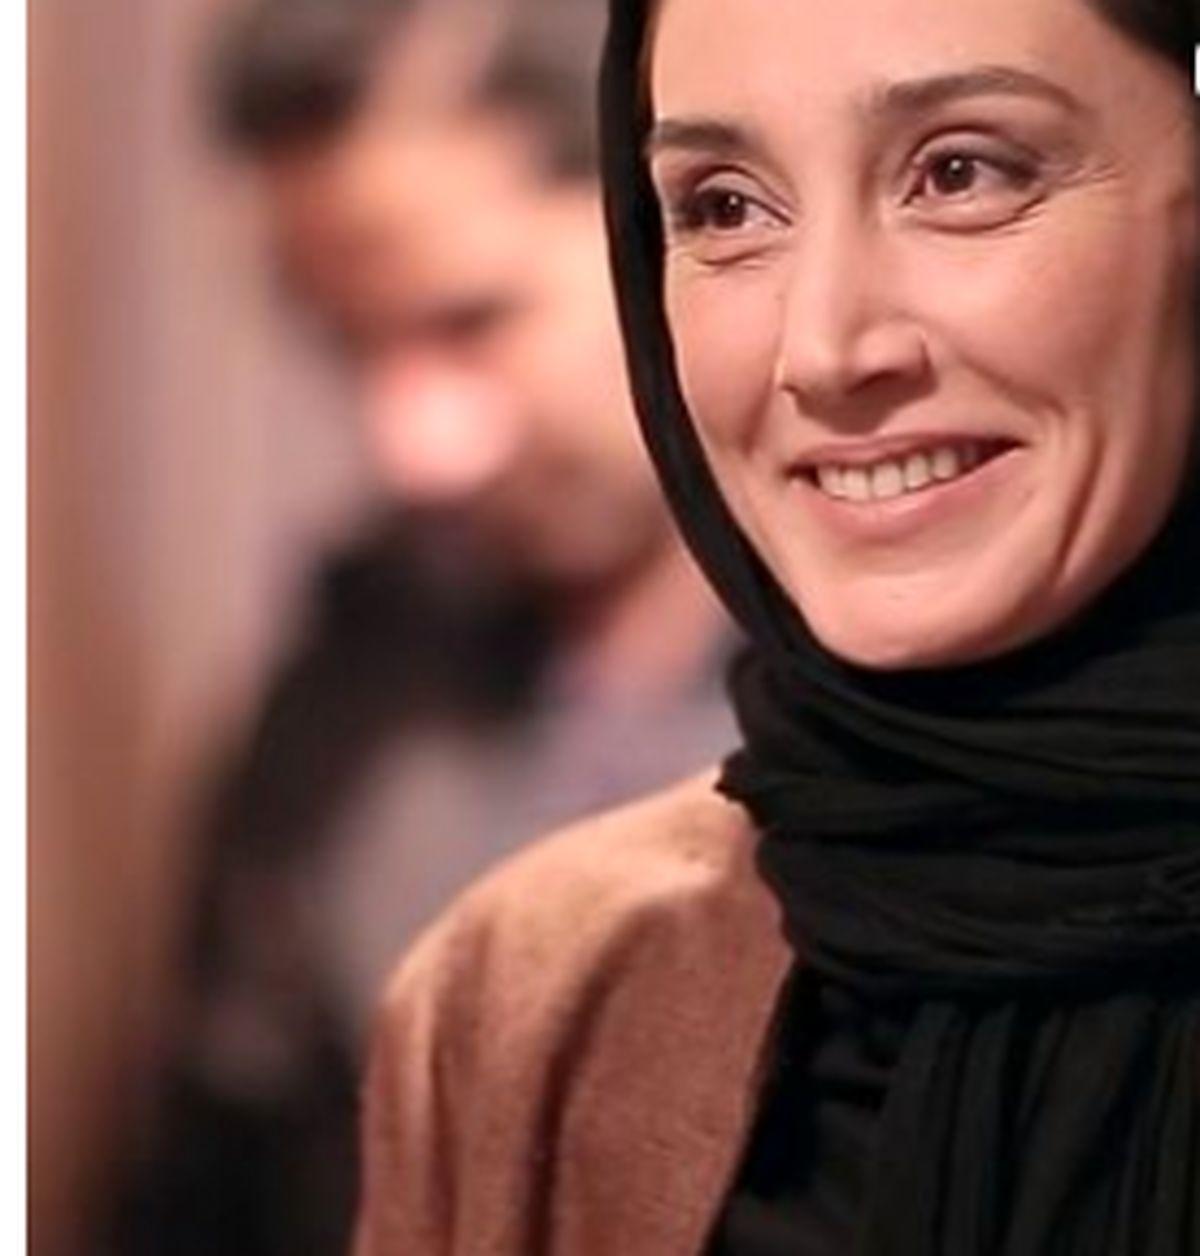 بیوگرافی هدیه تهرانی+ عکس
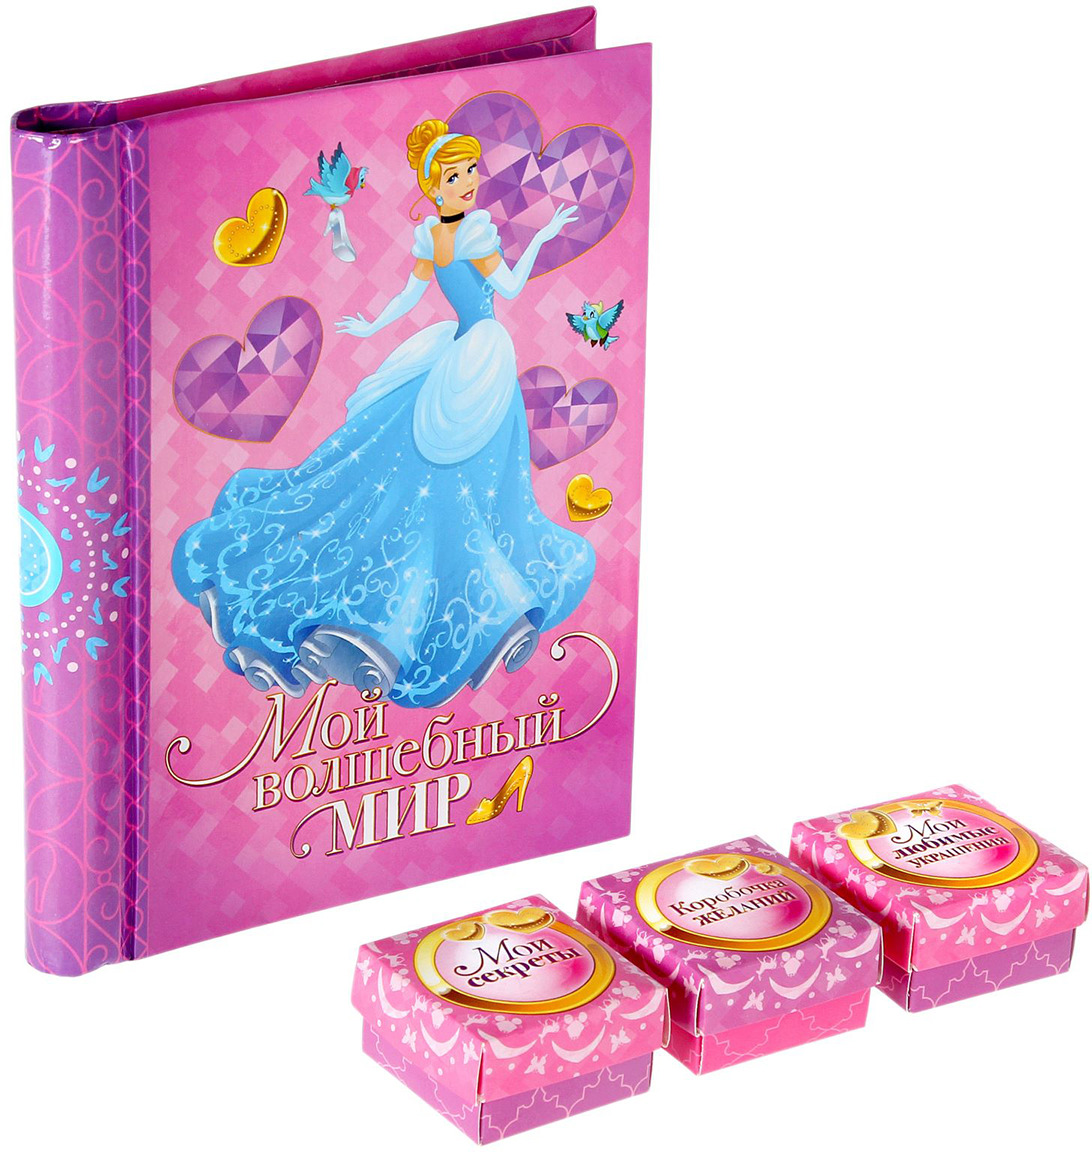 Сувенирный набор Disney Прекрасная принцесса!, фотоальбом магнитный, 10 листов + 3 памятных коробочки + наклейки, 1512217, мультиколор сувенирный набор disney наш чудесный малыш фотоальбом памятные коробочки в пенале 1903139 мультиколор
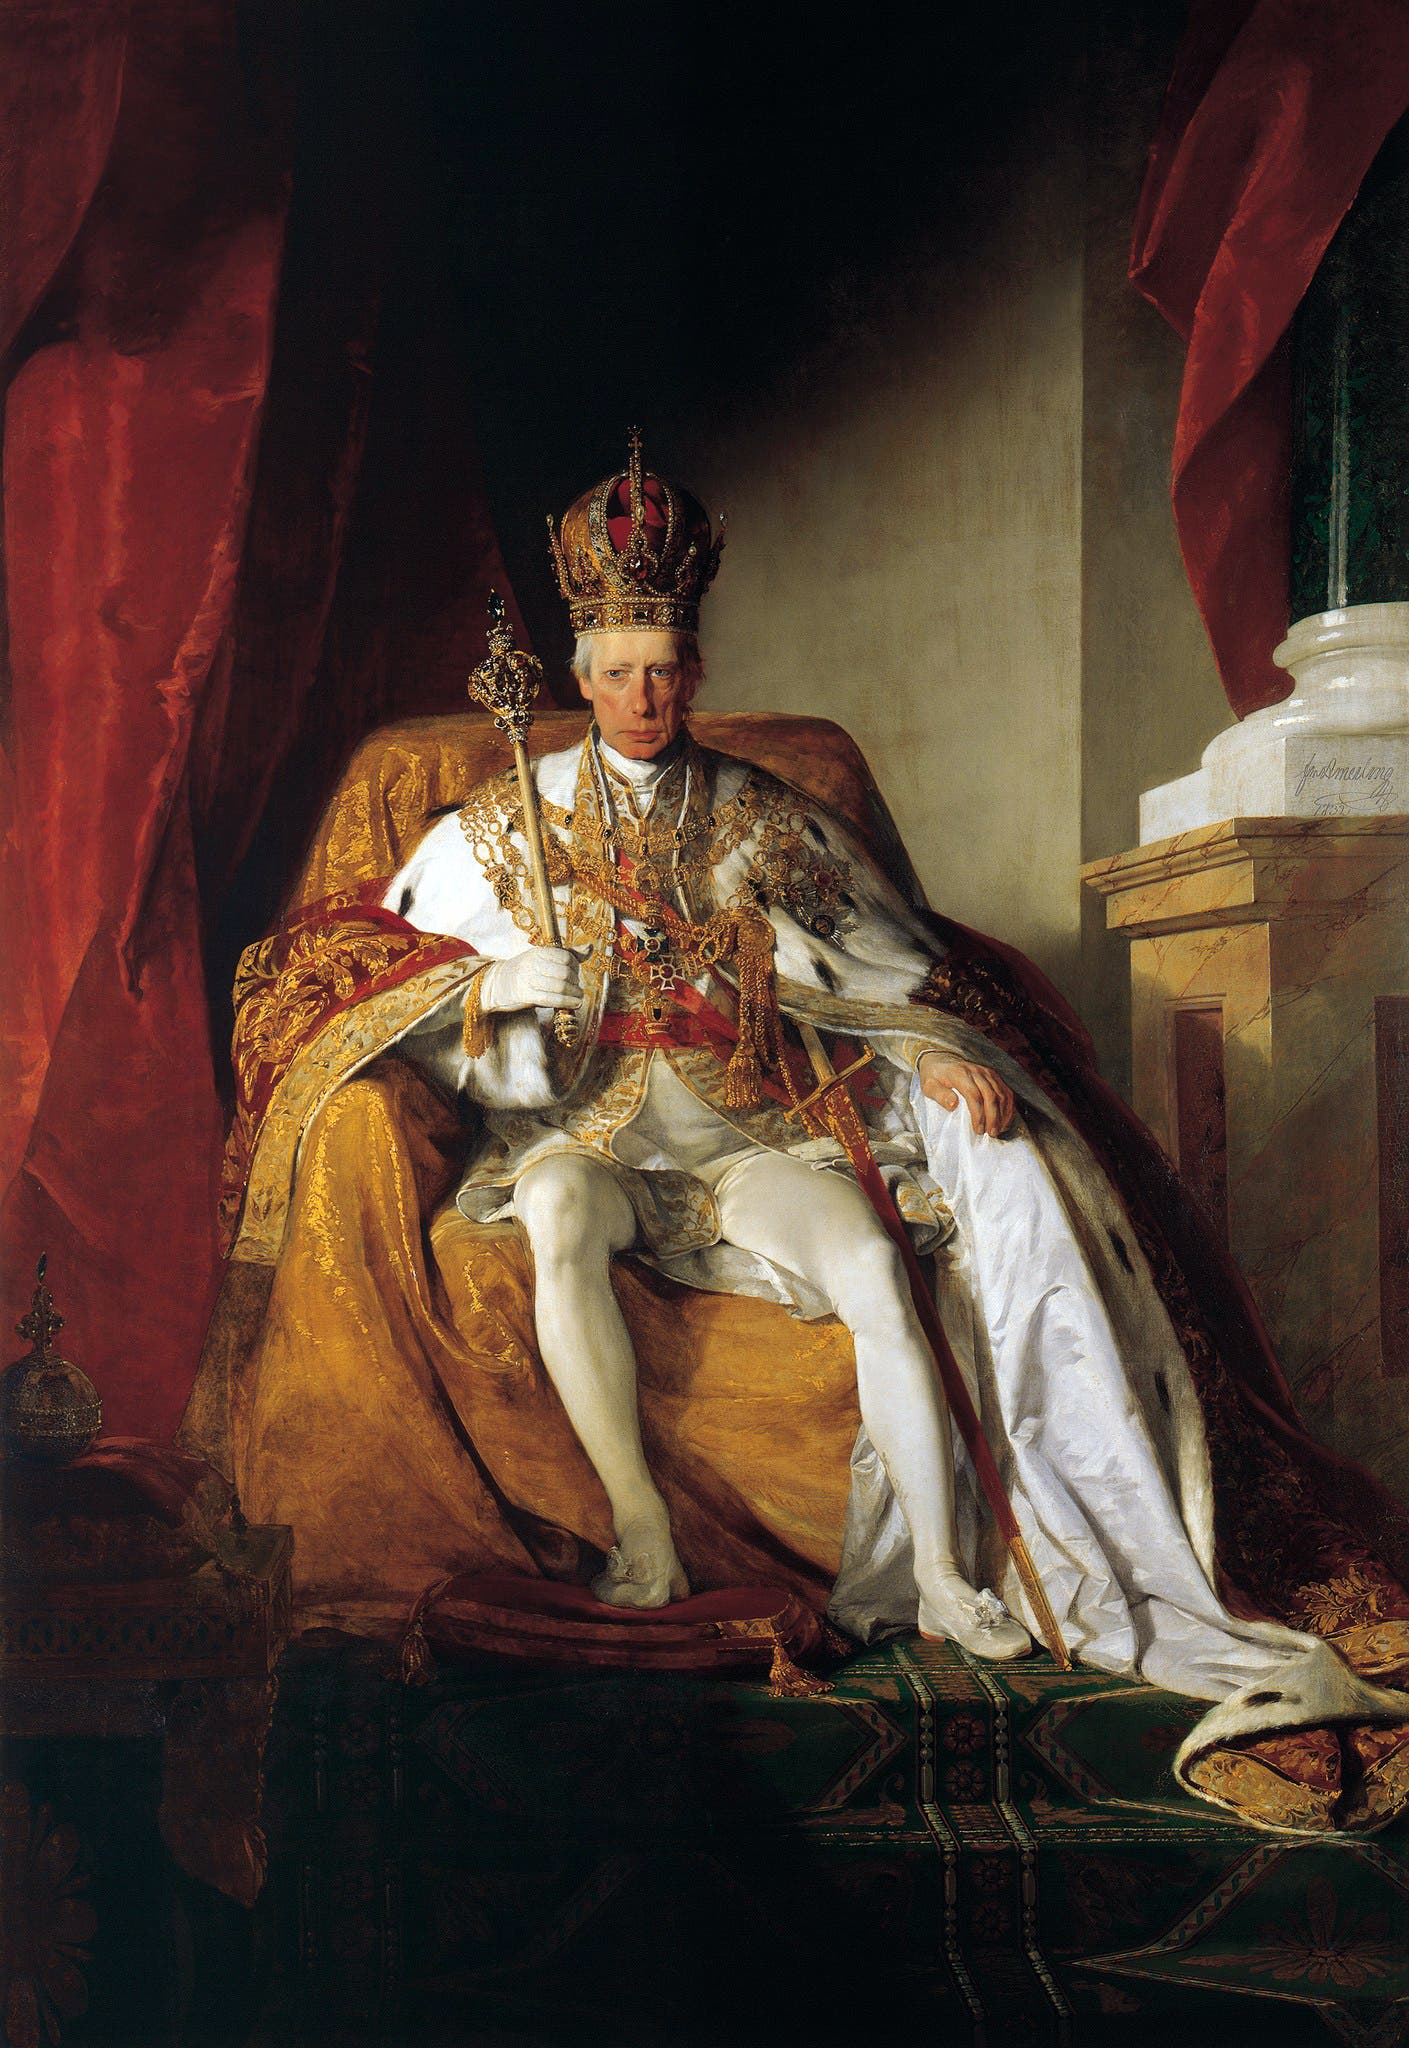 لوحة تجسد الإمبراطور النمساوي فرانسيس الثاني
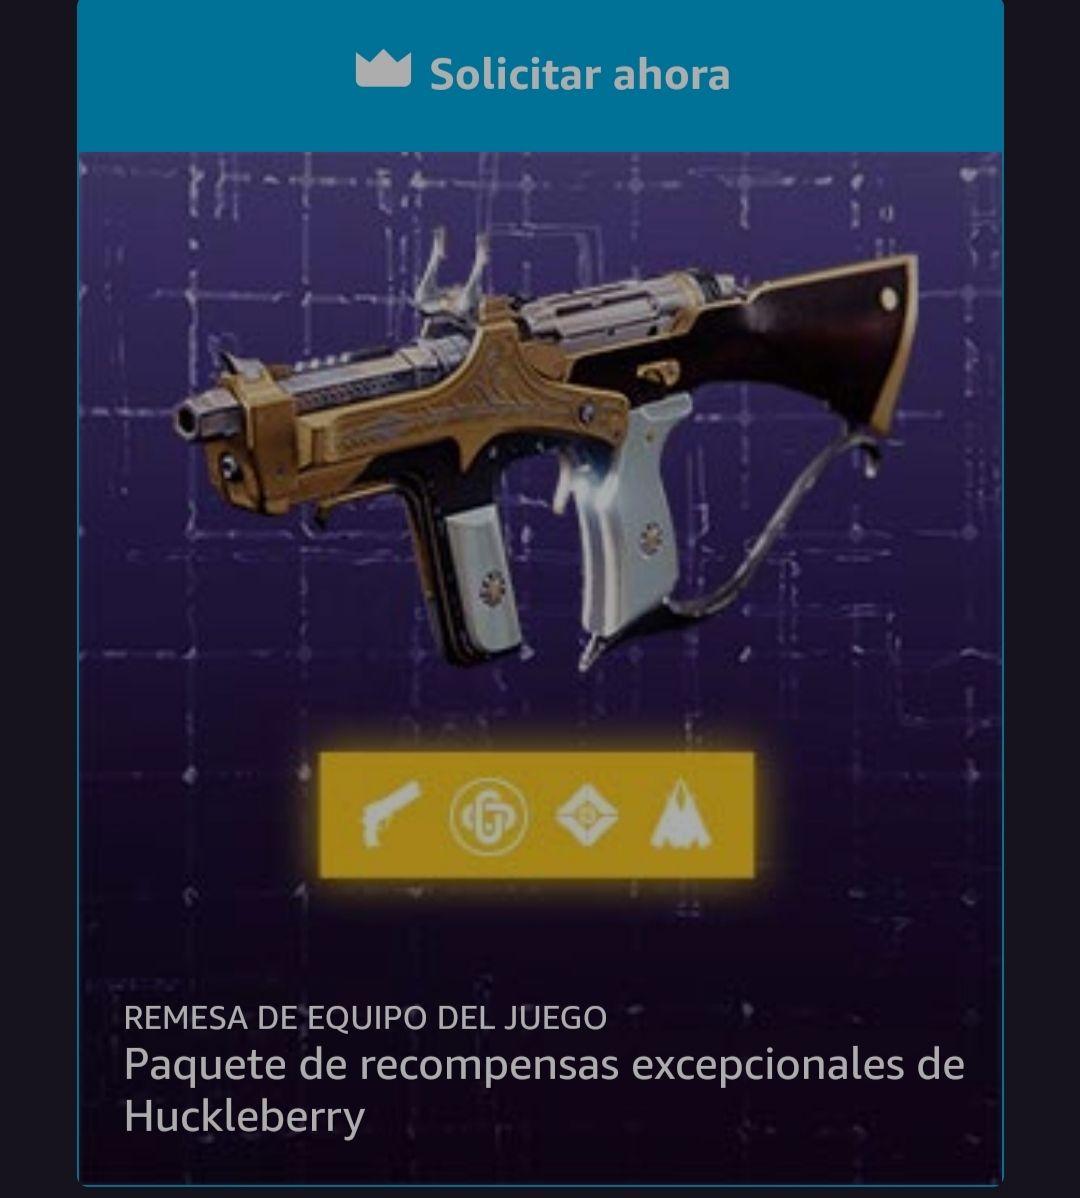 Prime Gaming: Recompensas Destiny 2
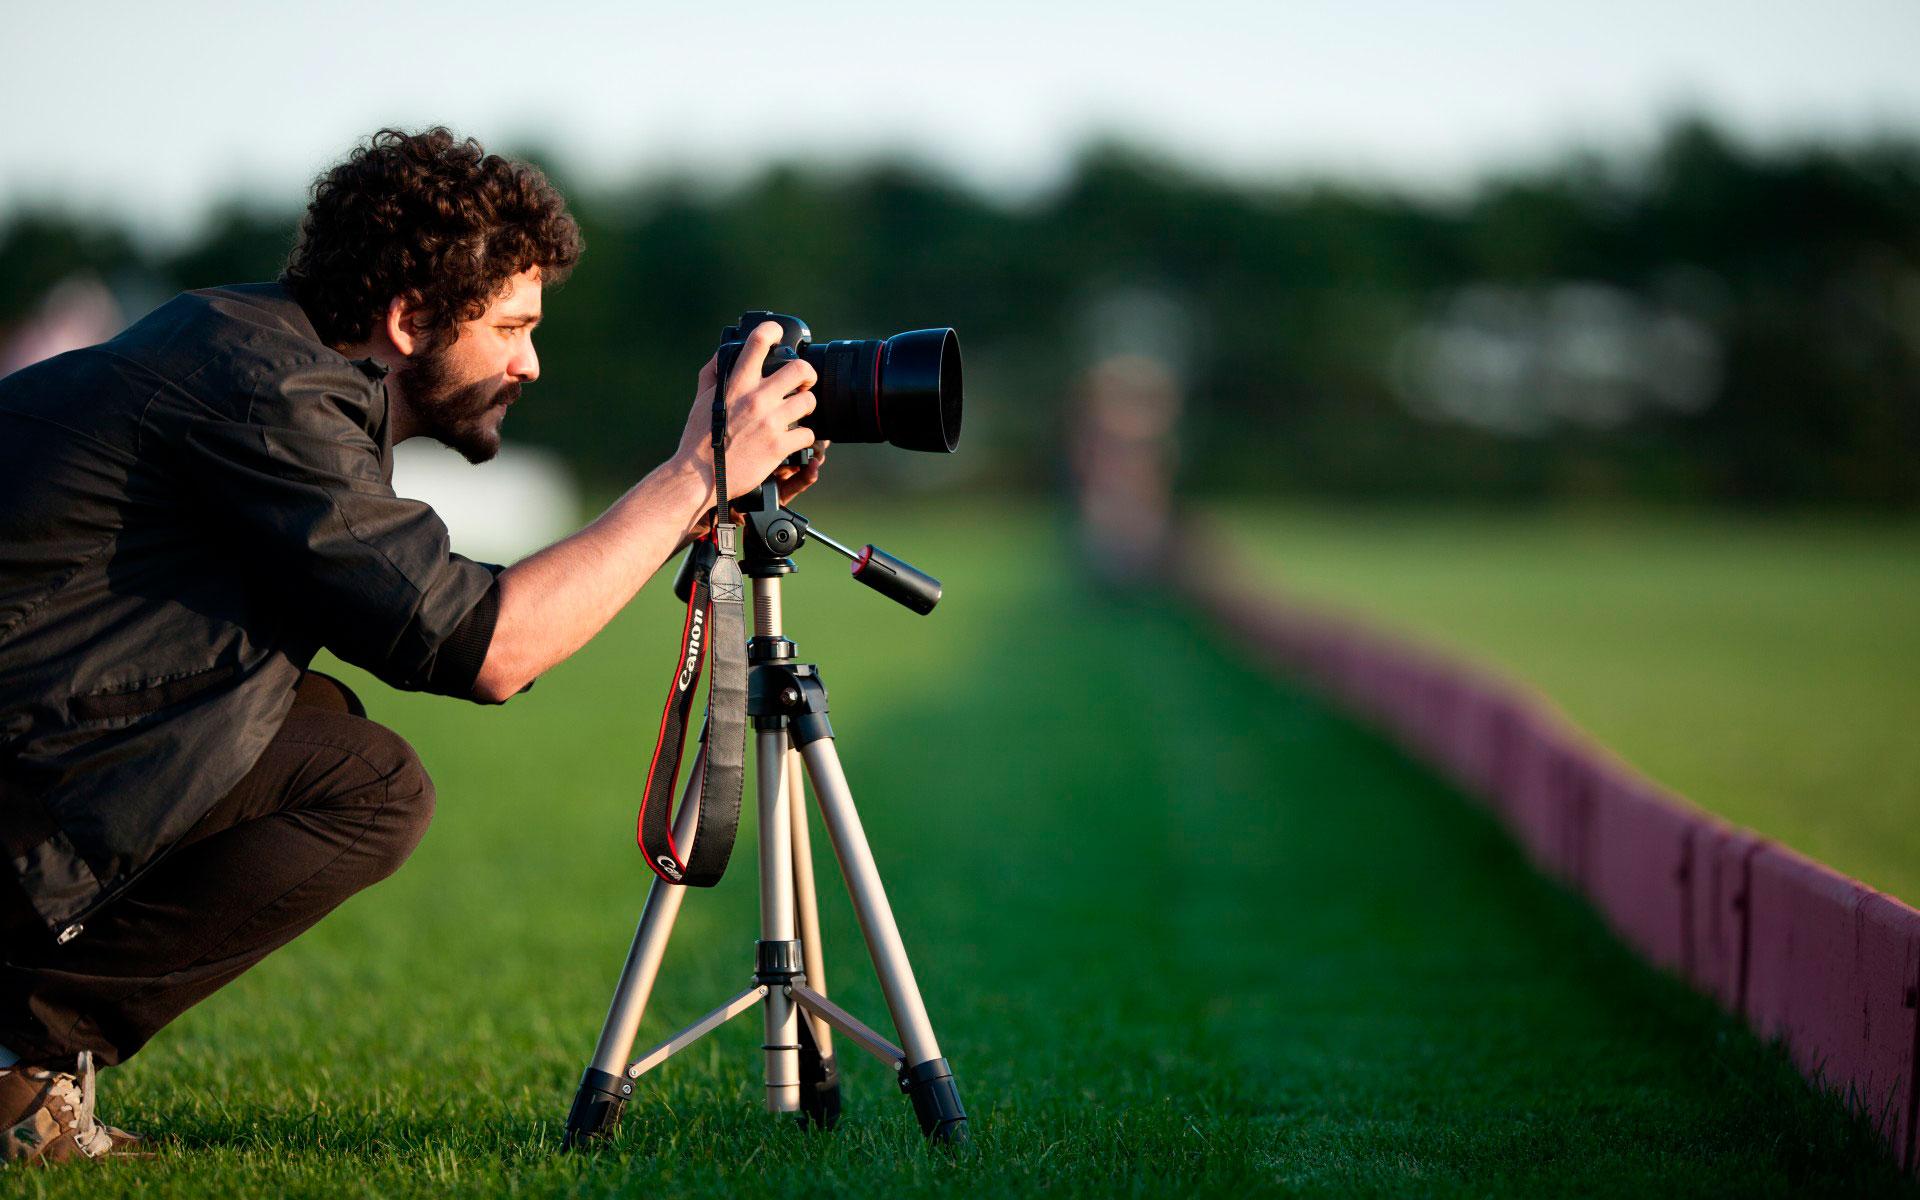 обрезать фотография профессиональная смотреть компании, ответственной

○ ○ ○ ○

▶ [Work instructions]: What the response needs is every entry, repeated exactly, and none of the pictures.

▶ [Task solution]:
 بیوگرافی هدیه تهرانی+ عکس
 Сувенирный набор Disney Прекрасная принцесса!, фотоальбом магнитный, 10 листов + 3 памятных коробочки + наклейки, 1512217, мультиколор сувенирный набор disney наш чудесный малыш фотоальбом памятные коробочки в пенале 1903139 мультиколор
 لوحة تجسد الإمبراطور النمساوي فرانسيس الثاني
 Prime Gaming: Recompensas Destiny 2
 обрезать фотография профессиональная смотреть компании, ответственной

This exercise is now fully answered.